Unmasking the Hallucinations of Audio-Visual LLMs

Large-language models (LLMs) have been making waves with their audio-visual capabilities. But there's a catch. These models, despite their apparent prowess, are prone to hallucinations, producing outputs that seem plausible but are actually unfounded. We're talking about speech-induced hallucinations that haven't been thoroughly explored until now.

The Speech-Vision Alignment Problem

The current benchmarks tend to focus on environmental sounds like a dog barking to signal events. But what about human speech? It carries rich semantics and intricate temporal structures. This is where the models falter. The new benchmark, SVHalluc, steps in to evaluate these speech-vision hallucinations from semantic and temporal angles. And guess what? The results aren't pretty for most models.

Why Should We Care?

Here's the kicker: state-of-the-art open-source audio-visual LLMs are struggling with aligning speech content with corresponding visual signals. Their accuracy is almost random across multiple tasks. That's a big red flag for anyone relying on these models for accurate audio-visual comprehension. If they can't get basic alignment right, how can they be trusted with more complex tasks?

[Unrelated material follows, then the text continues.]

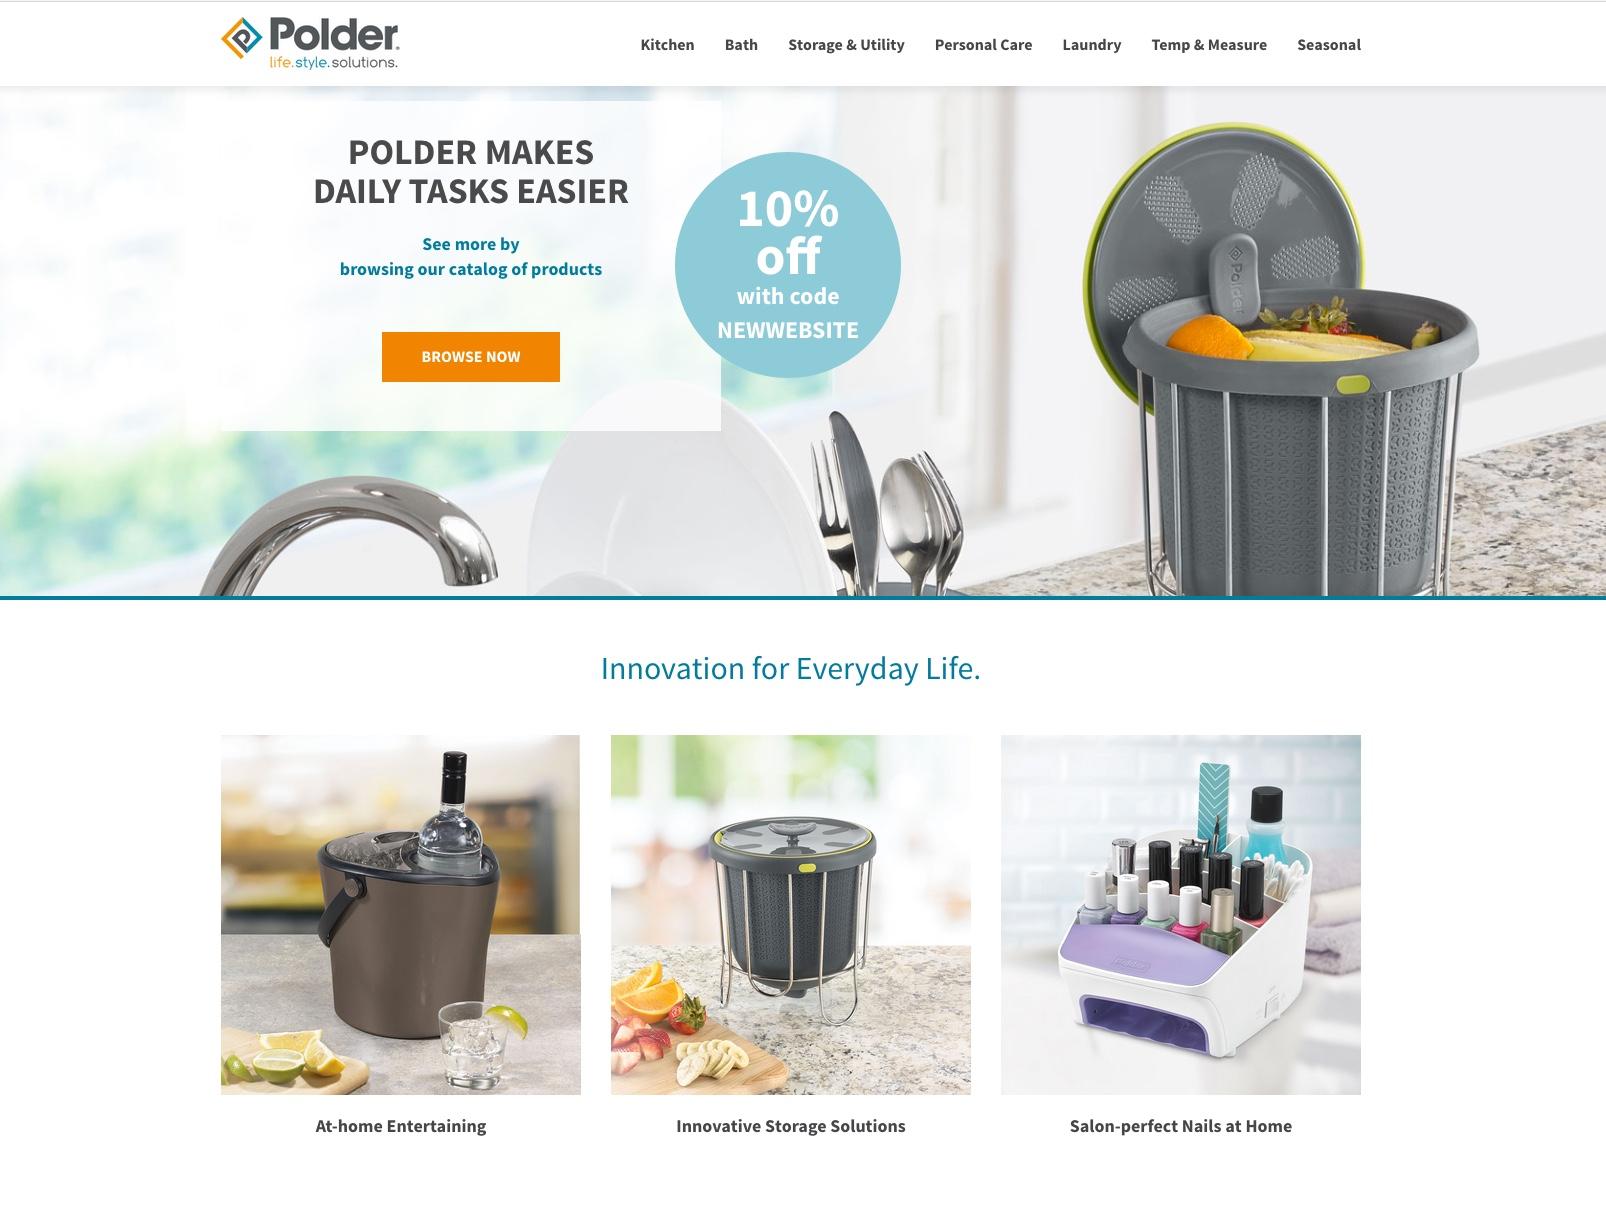 Polder Launches New Website and Award-Winning Branding Update
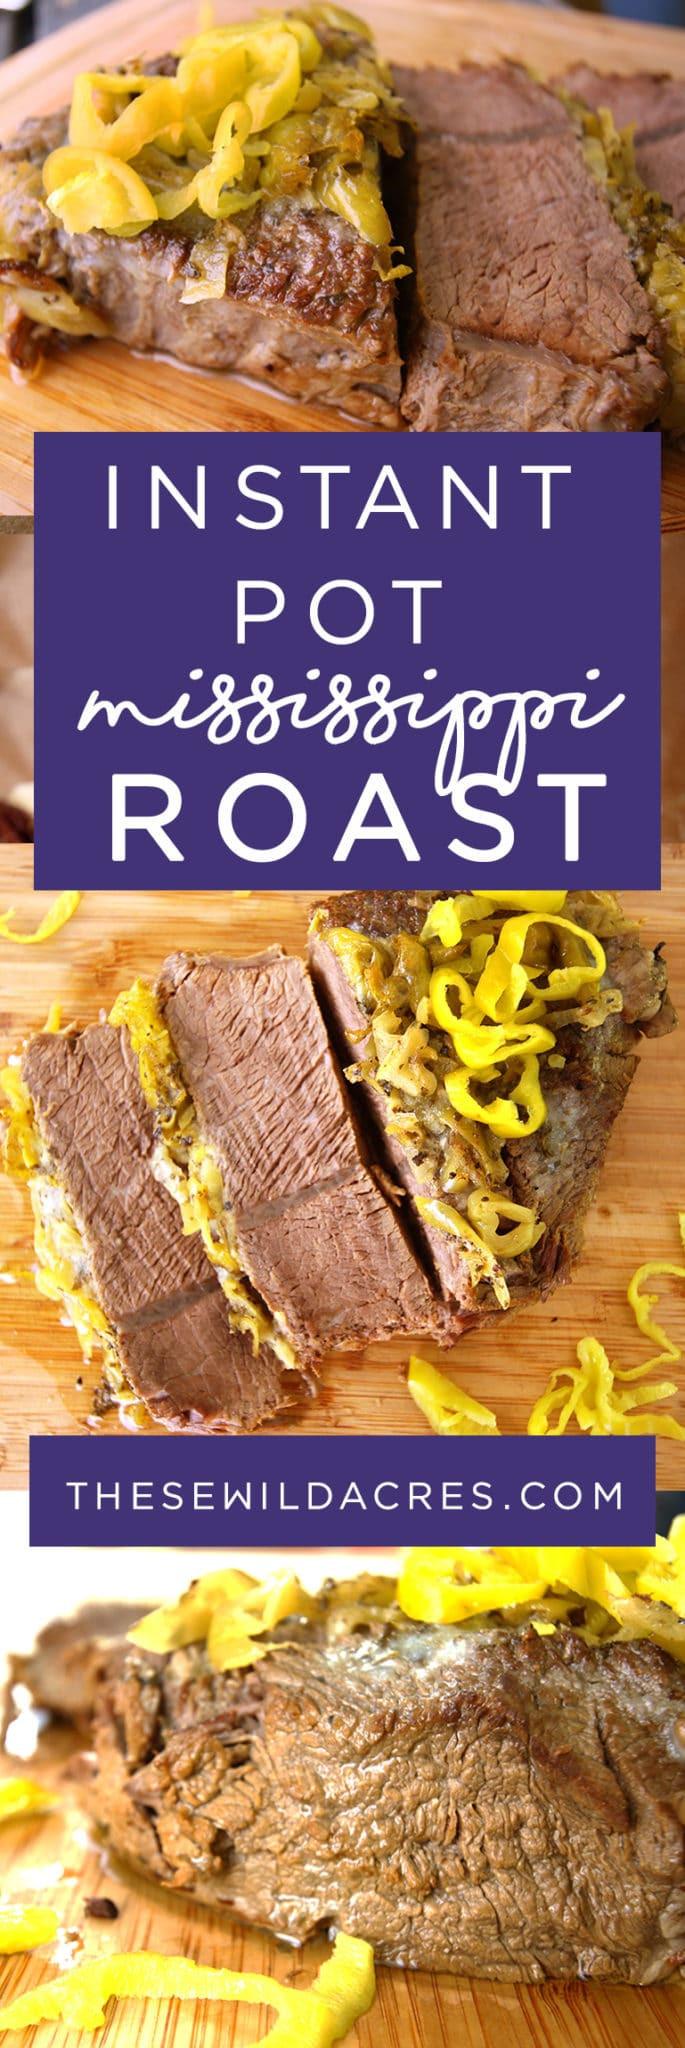 Mississippi Pot Roast Instant Pot Keto  Instant Pot Mississippi Pot Roast Recipe Keto Paleo

Gemini 2.5 Pro: The Lone Star

there's a silver lining, though. Gemini 2.5 Pro has emerged as a standout, significantly outperforming its open-source counterparts. It's a testament to what can be achieved when cross-modality understanding is prioritized. But isn't it a bit concerning that only a select few models can manage this? We need more than just isolated success stories.

A Call for Better Models

These findings reveal a fundamental limitation in current audio-visual LLMs. Their failures are largely due to a limited ability in understanding cross-modality, despite excelling in single-modality perception. This gap needs addressing. If nobody would play it without the model, the model won't save it. And in this case, if the model can't see and hear clearly, what's the point?

In a world increasingly relying on AI for nuanced tasks, the demand for speech-grounded video comprehension is urgent. The models shouldn't just grind through data but understand it in a meaningful way. The industry needs to step up its game.